◆ WORK REQUIRED ◆
The answer must restate the listing word for word, without its images.
Top of INFORMATION SUPPLIED
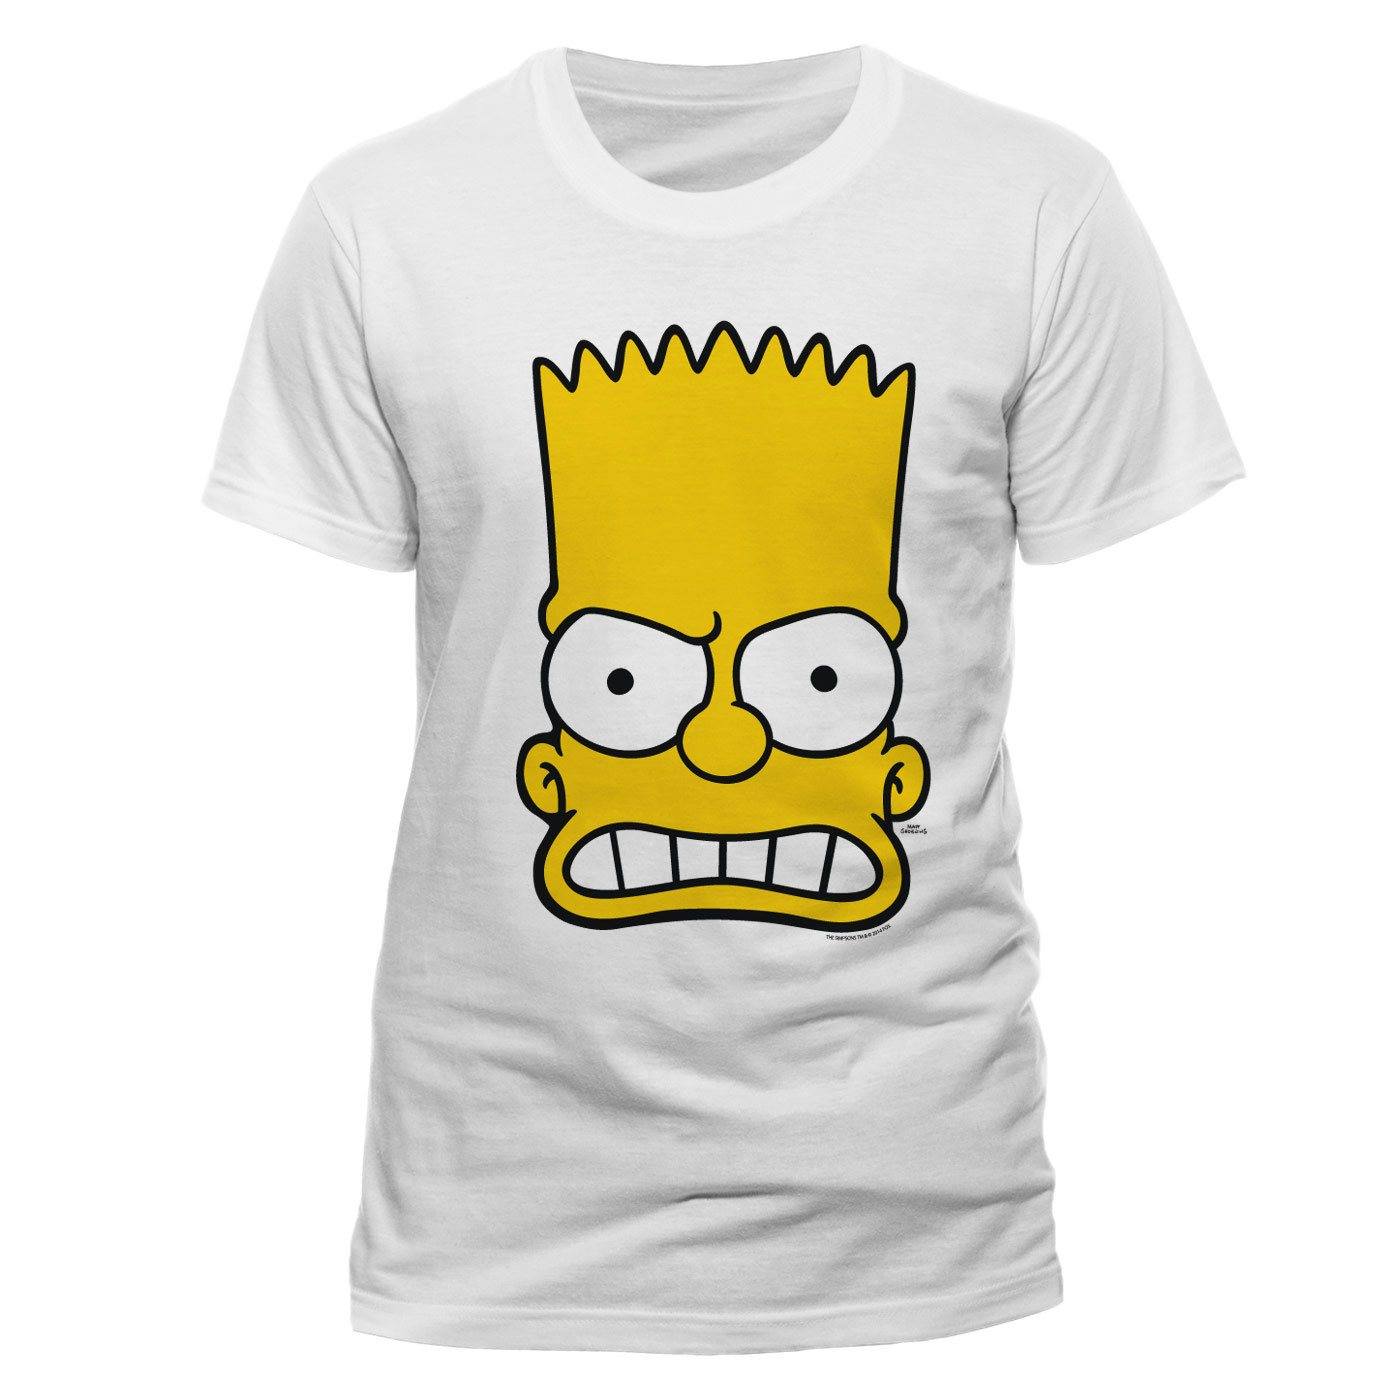 Simpsons T-Shirt Bart Face Size XL
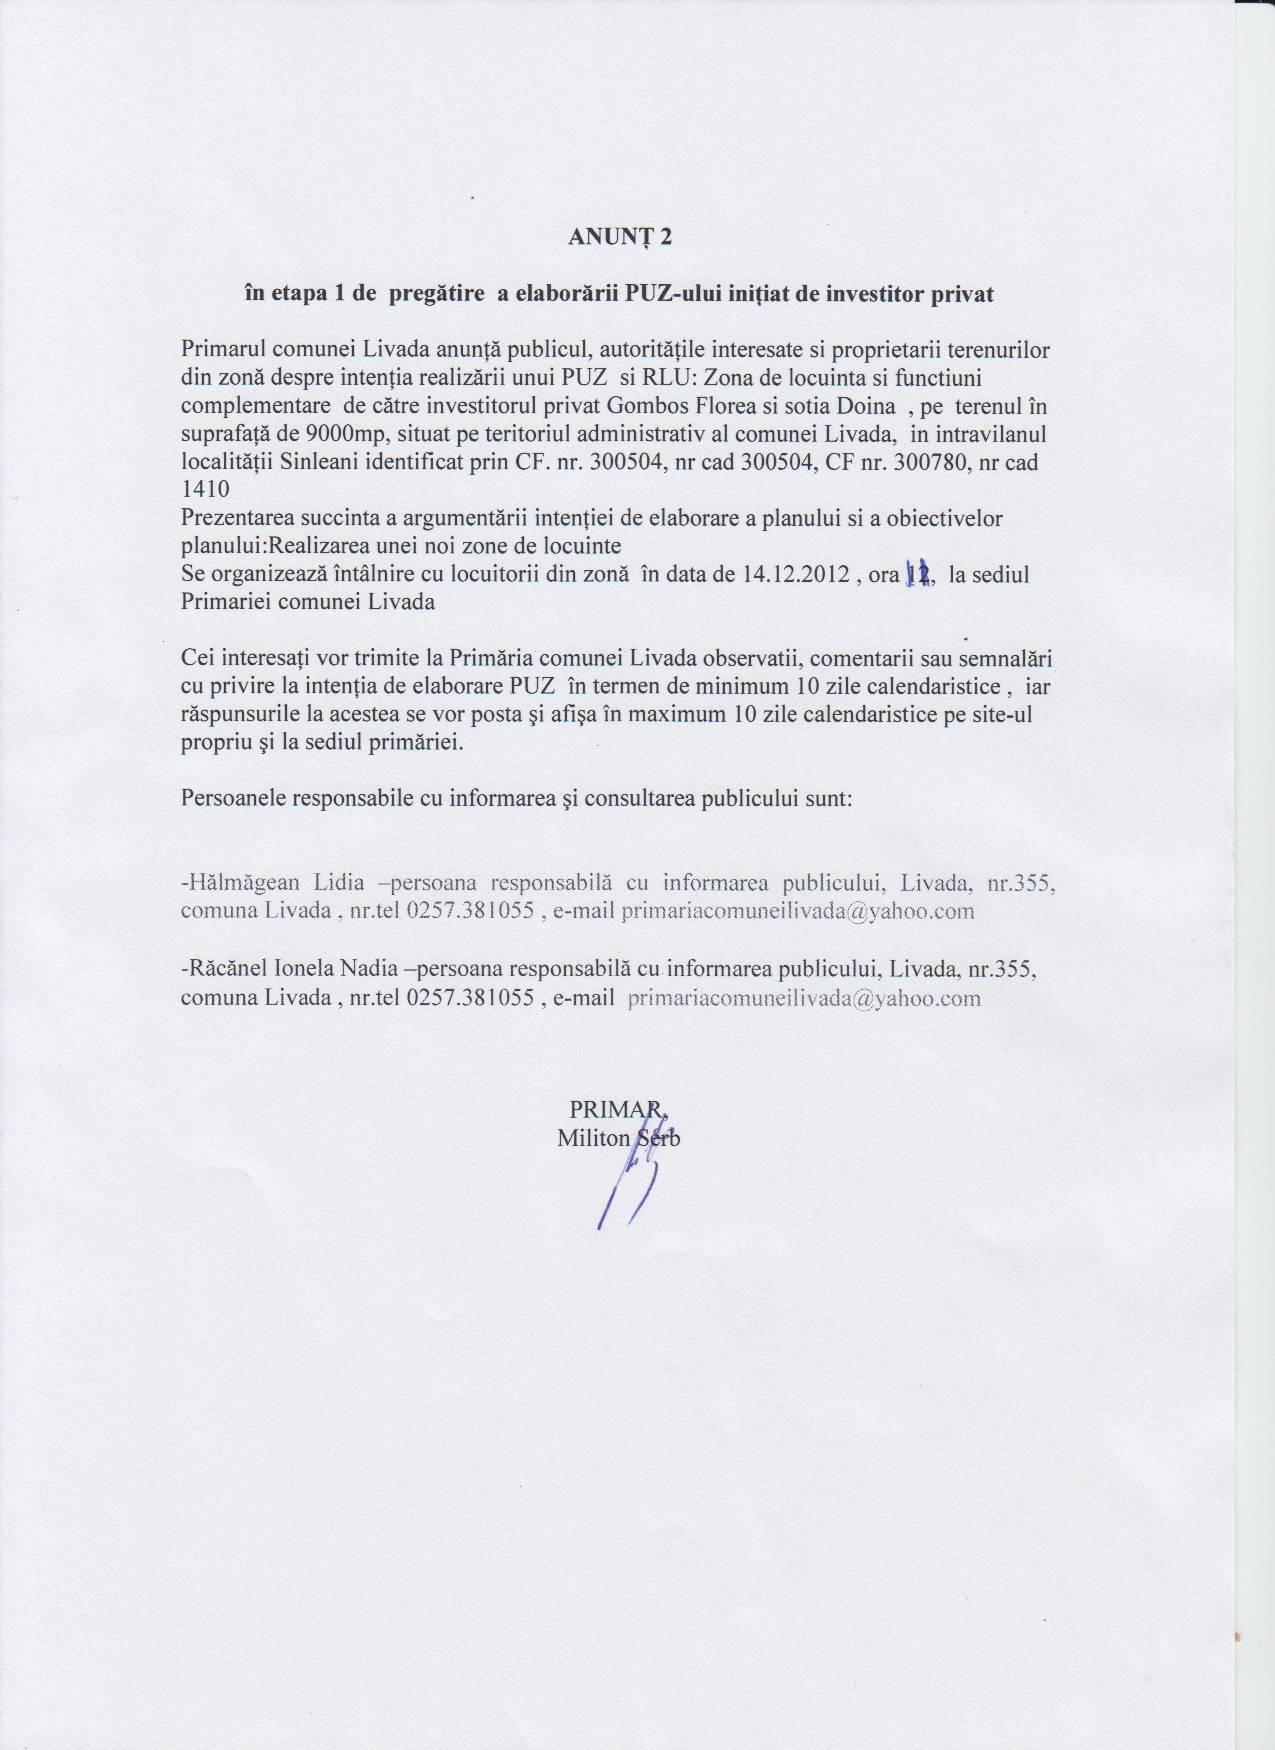 20121210_anunt
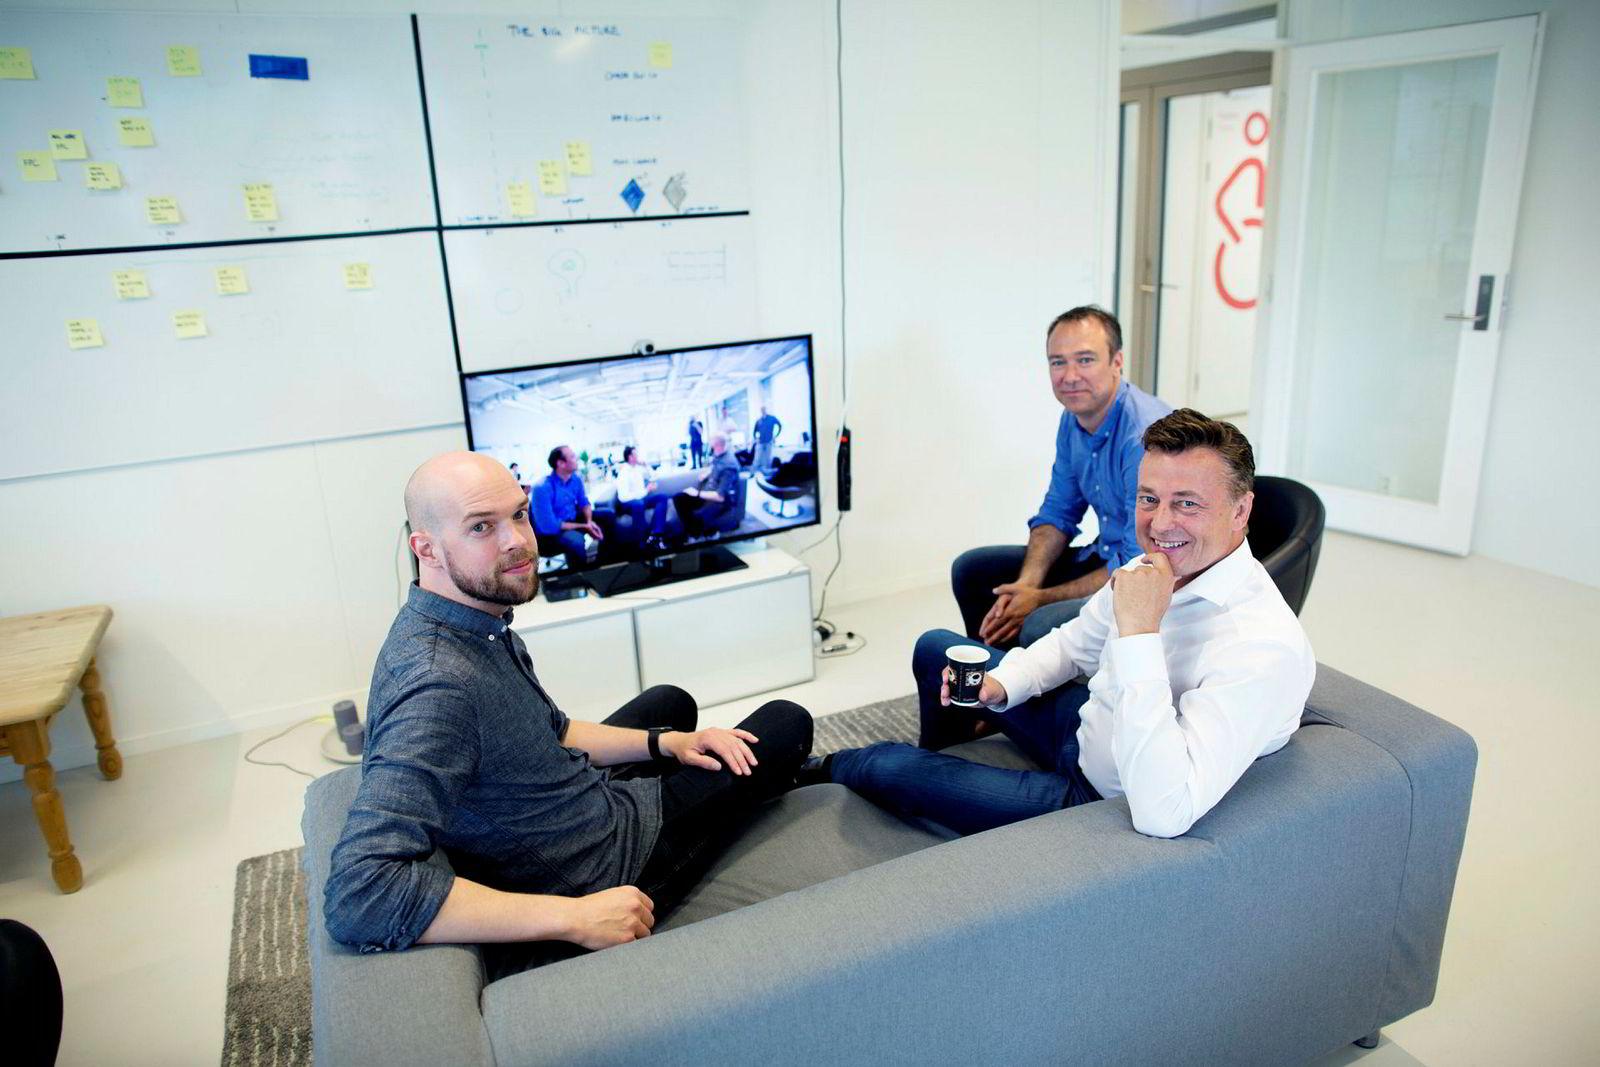 Fra venstre produktsjef og gründer Stein Ove Eriksen, tidligere administrerende direktør Thomas C. Holst og gründer Anders Eikenes i 2016.
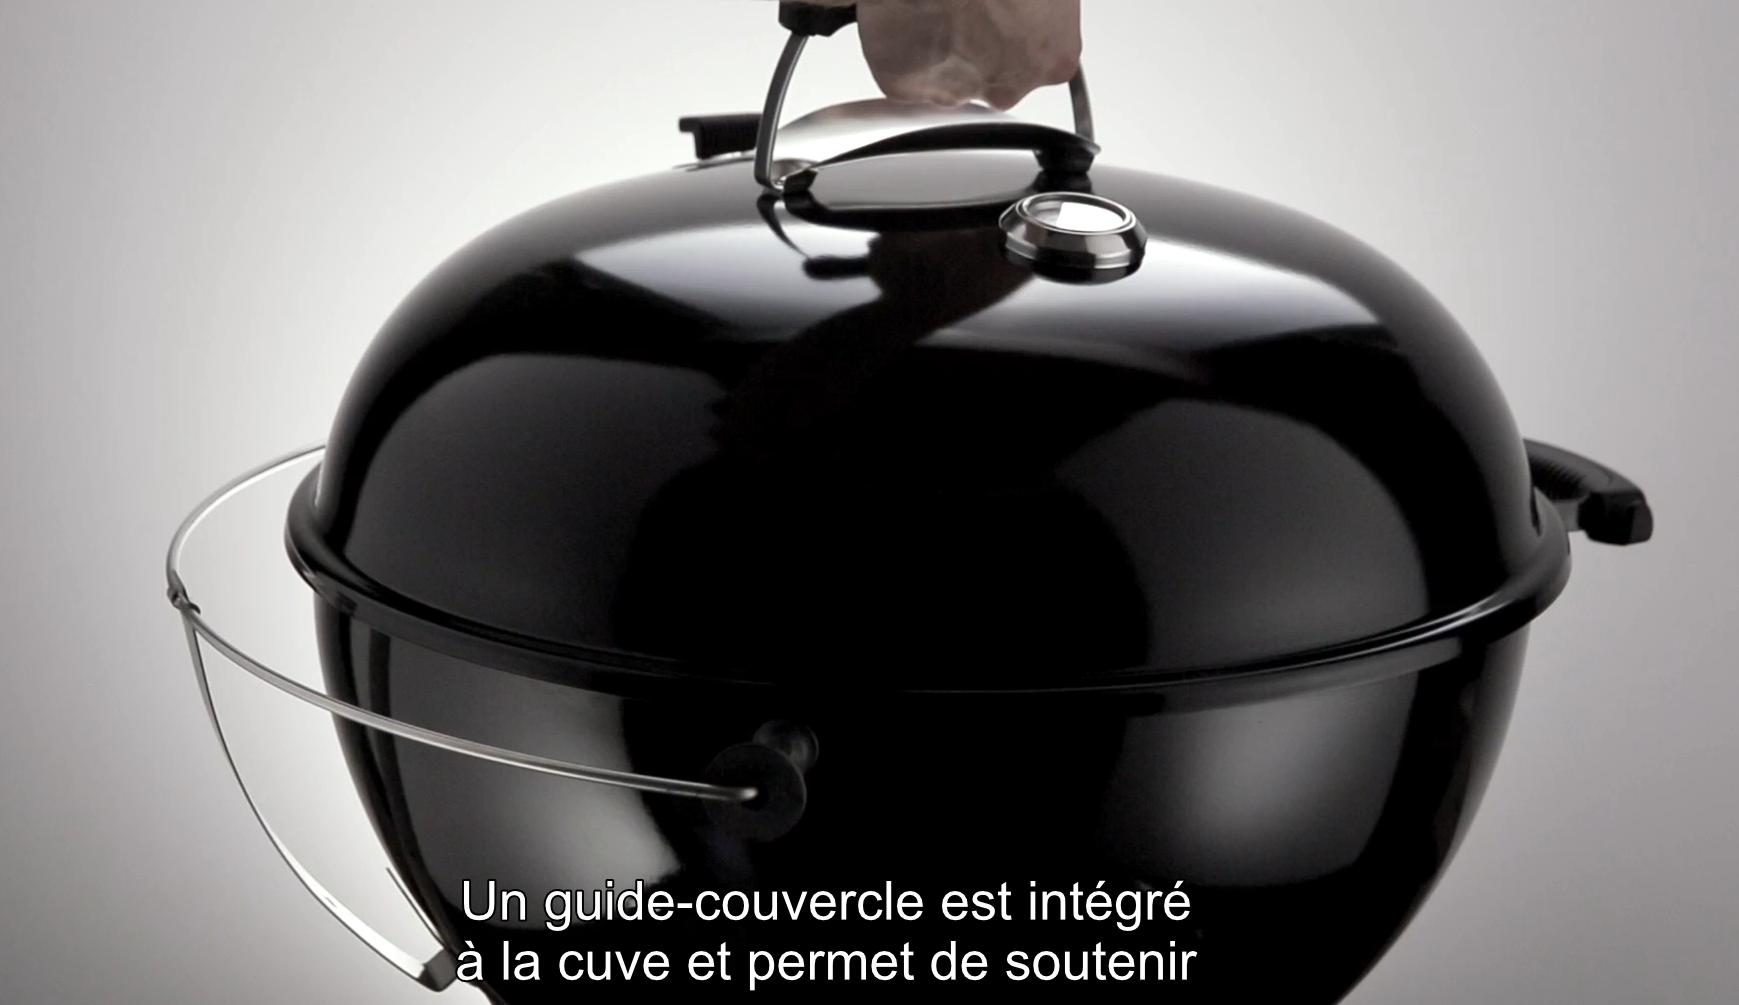 Video subtitling for barbeque giant, Weber
Bottom of INFORMATION SUPPLIED
◆ OUTPUT OF THE TASK ◆
 Simpsons T-Shirt Bart Face Size XL
 20121210_anunt
 Fra venstre produktsjef og gründer Stein Ove Eriksen, tidligere administrerende direktør Thomas C. Holst og gründer Anders Eikenes i 2016.
 Video subtitling for barbeque giant, Weber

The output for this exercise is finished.